In summary, user-based CF focuses on finding similar users, while item-based CF focuses on finding similar items. Item-based CF is often preferred in large-scale commercial systems due to its better scalability and performance characteristics.




#### 2. What is collaborative filtering, and how does it work?

#### **Collaborative Filtering (CF):** 
**Definition:** A type of recommender system that relies on the collective behavior of users rather than item attributes.

**Core Assumption:** “Users who agreed in the past will likely agree again in the future.”

**Key Idea:** If two users have rated or interacted with items similarly, they are considered similar, and recommendations can be made based on this similarity


**How It Works**

**User-Item Matrix:**

- Construct a matrix where rows = users, columns = items, and values = ratings or implicit feedback (e.g., clicks, views).

- This matrix is usually sparse because most users interact with only a small fraction of items.

**Similarity Calculation:**

- Measure similarity between users (user-based CF) or between items (item-based CF).

- Common metrics: cosine similarity, Pearson correlation, or Jaccard index.

**Prediction:**

- Fill in missing entries in the matrix by predicting how a user would rate an unseen item.

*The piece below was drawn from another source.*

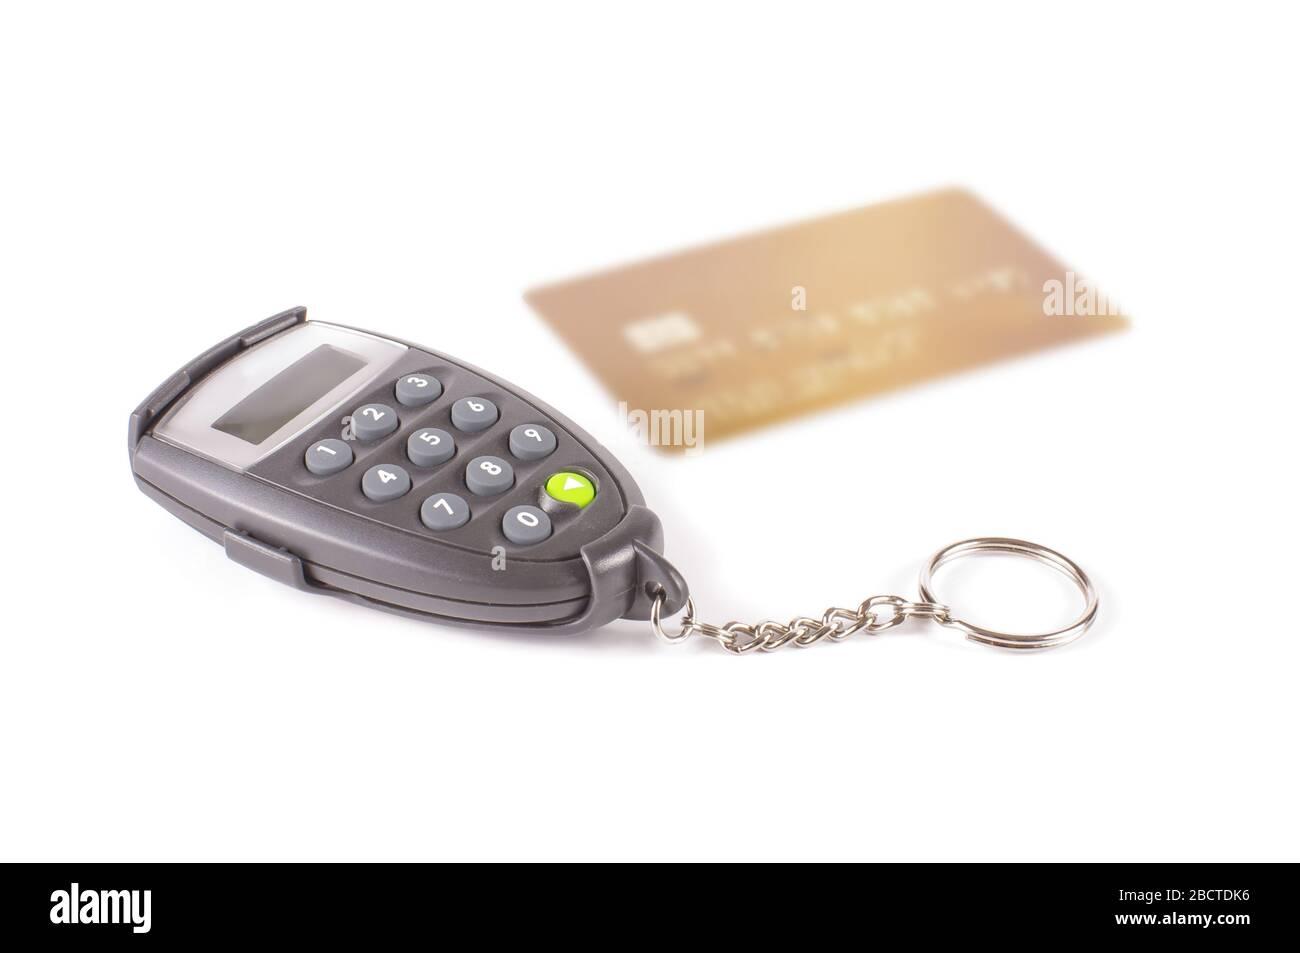 DIGIPASS y tarjeta de crédito aisladas sobre fondo blanco Foto de stock

- Example: If User A and User B both liked Naruto and Bleach, and User B also liked One Piece, then recommend One Piece to User A.

**Recommendation Generation:**

- Rank items by predicted scores.

- Recommend the top-N items to the user.

**Types of Collaborative Filtering:**
- **User-Based CF:** Finds similar users and recommends items they liked.

- **Item-Based CF:** Finds similar items to those the user liked and recommends them.

- **Model-Based CF:** Uses machine learning (e.g., matrix factorization, neural networks) to learn latent features and make predictions.